Stand By Taiwan
THE SOURCE: “Should the United States Abandon Taiwan?” by Nancy Bernkopf Tucker and Bonnie Glaser, in The Washington Quarterly, Fall 2011.
Every year China publically grumbles about the United States' support of Taiwan, and every year Washington pretends not to hear. Some U.S. foreign-policy specialists are sick of this dynamic, arguing, according to Georgetown University historian Nancy Bernkopf Tucker and analyst Bonnie Glaser of the Center for Strategic and International Studies, that Taiwan is a “strategic liability, an expensive diversion and . . . an obstacle to more important U.S.-China relations.” Don’t take the bait, say Tucker and Glaser. If anything, the United States should increase its support of the small democratic island.
Even if the United States did bow to China’s wishes and pull the plug on its Taiwan support, there is no guarantee that relations between the rival superpowers would get any smoother, the authors argue.
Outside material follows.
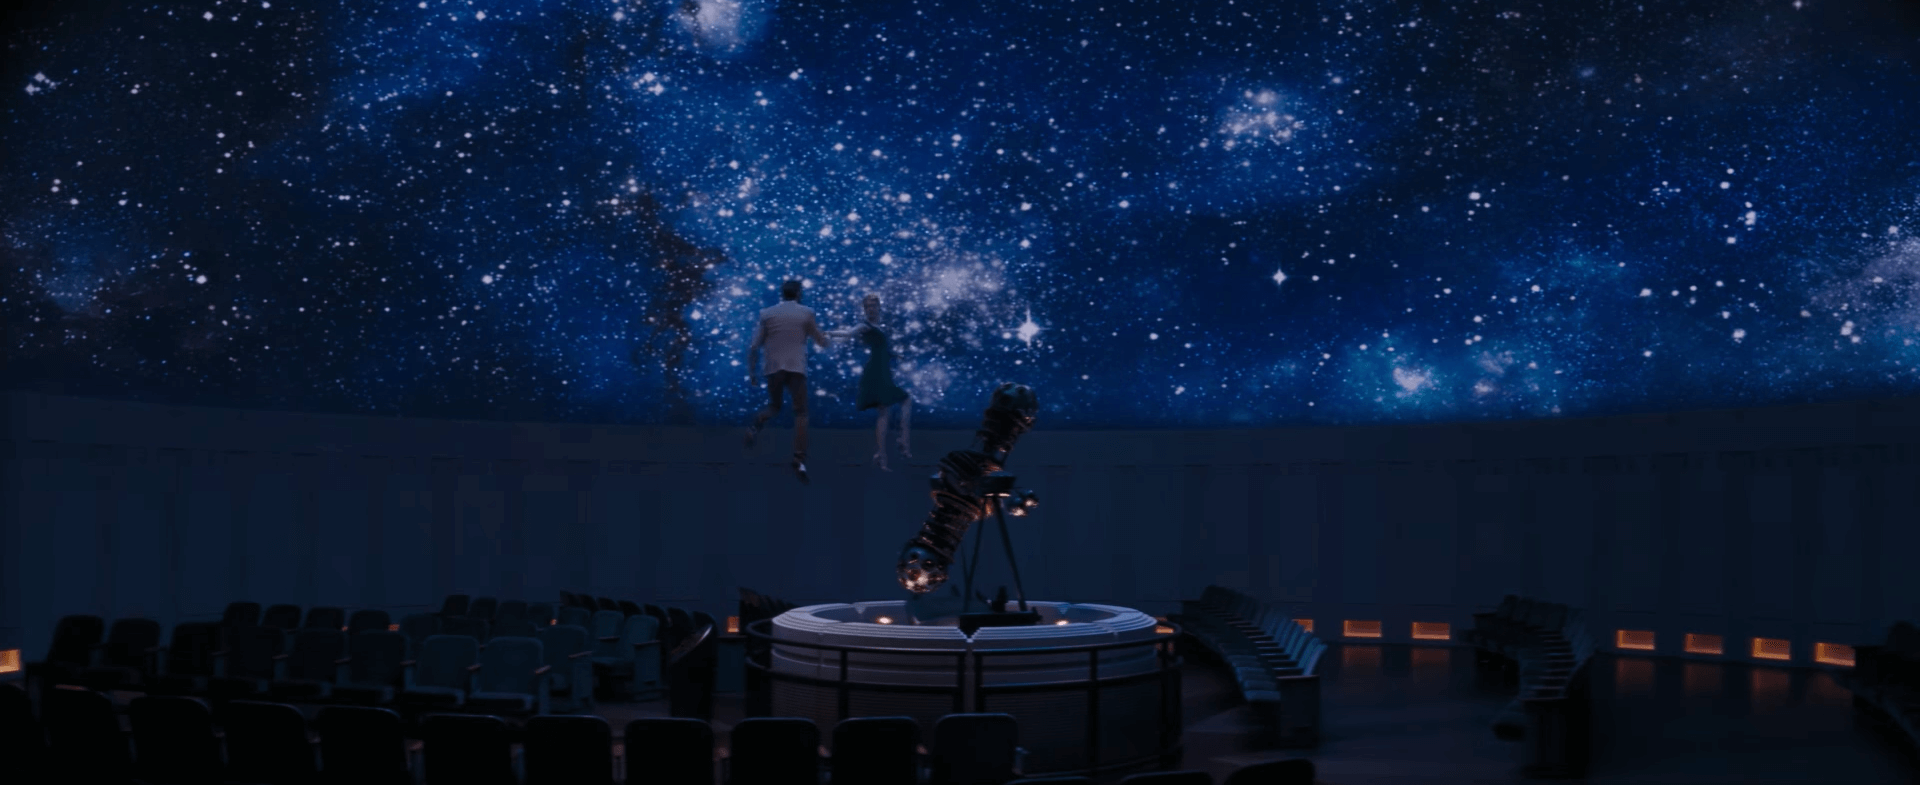 Seb and Mia are lifted into the planetarium's dome.

China would continue to oppose U.S. interests on nuclear proliferation in Iran and North Korea. And Beijing would be more likely to view U.S. capitulation on Taiwan as a cowering dodge than a proffered olive branch. Walking away from Taiwan could sap the United States’ negotiating power throughout the region, moreover, and possibly send friends in the area, such as Japan and South Korea, into China’s arms.